Sure, there are things that I regret in my past. Most of those things have to do with old friends or aquantances, that through silly youthful shortcomings, I might have hurt or insulted. I'm not proud of these moments, but I think I'm not fooling myself when I say that the majority of us have these little bouts of judgement callapses. However, when I look back, I mostly see that I have been truley blessed these 30 years.

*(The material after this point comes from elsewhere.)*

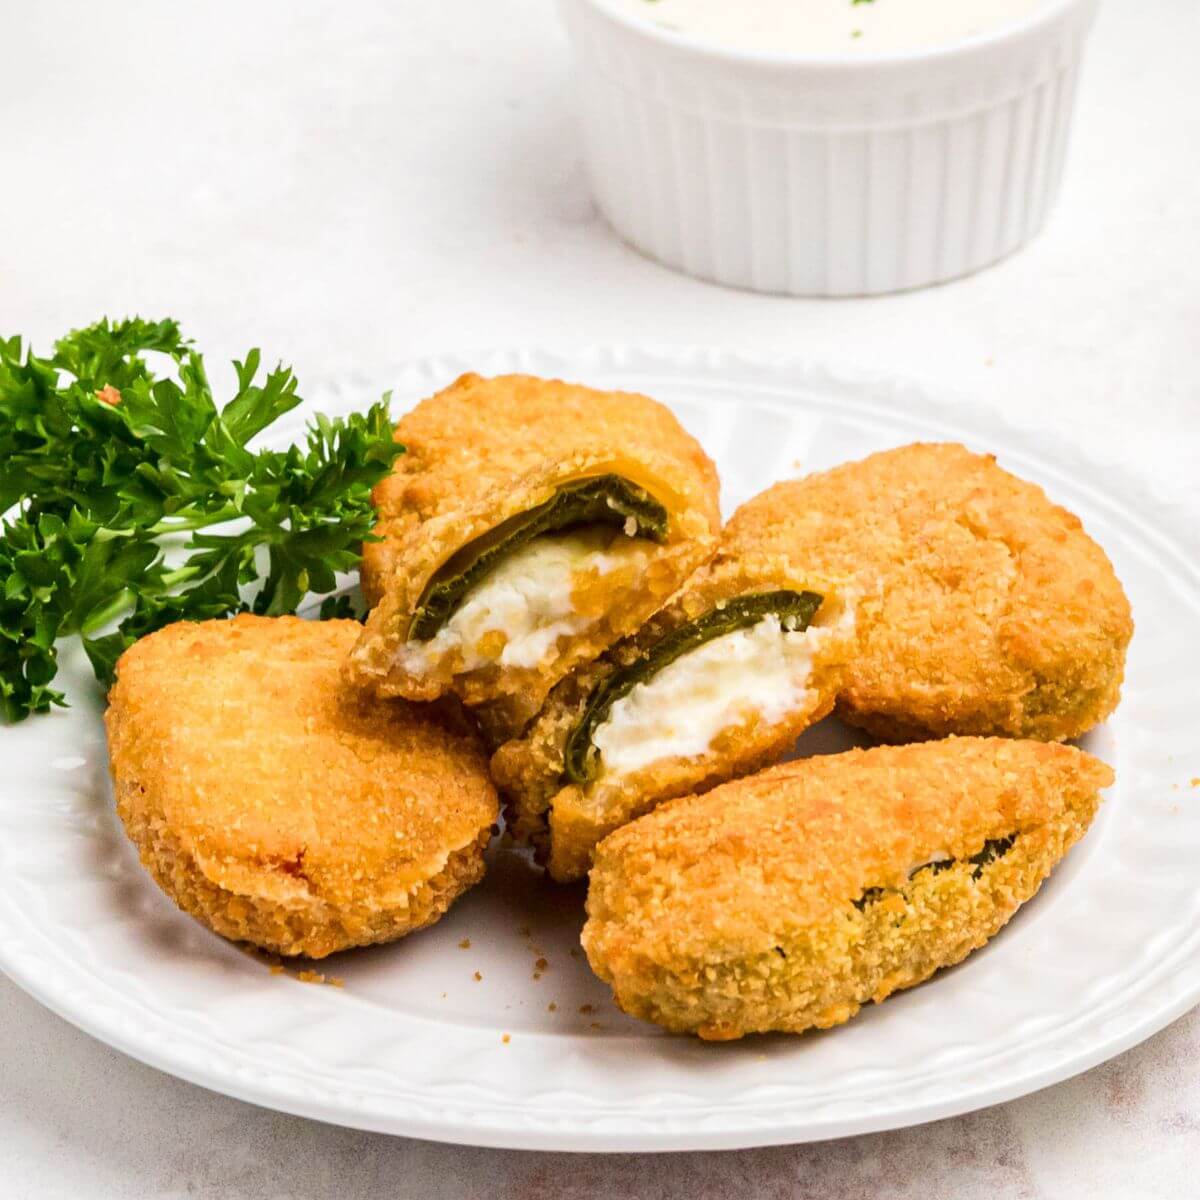 Golden crispy breaded jalapeno poppers on a small white plate.

I managed to get through grade school without seriously injuring myself or anyone else. I went to college, and although it wasn't my parents first choice of educational vocation, I graduated at the head of my class with a Bachelors of Fine Arts. Along the way, I met good friends who taught me a lot about who I am and what I want to be. I had my own solo art exhibit. I've traveled the world, and learned about people and culture, the Church, and history. I got married, and learned not only how to love, but how to be loved. I've had callings in the church, and felt inadiquate for each one. I started a career, and although it didn't make me rich, it was interesting, and I felt good at it. I became a homeowner, and realized that once you have a home, you never have money. You just have a lot of projects. I became a mother, and learned that no other career could be more rewarding than being able to raise your children, to teach them, to laugh with them, to watch them grow right before your eyes. In my 30 years, I've also been through a lot of trials. Some have been harder to deal with than others. But with the help of family, friends and not least of all my faith, I've been able to get through those trials.
So fine. I'm old. But 30 is the new 20, right? I may be getting laugh lines and crows feet. Maybe my knees hurt when there's a change in the weather. But I've accomplished a lot in these last 30 years. And I just pray that my next 30 will be as good as my last.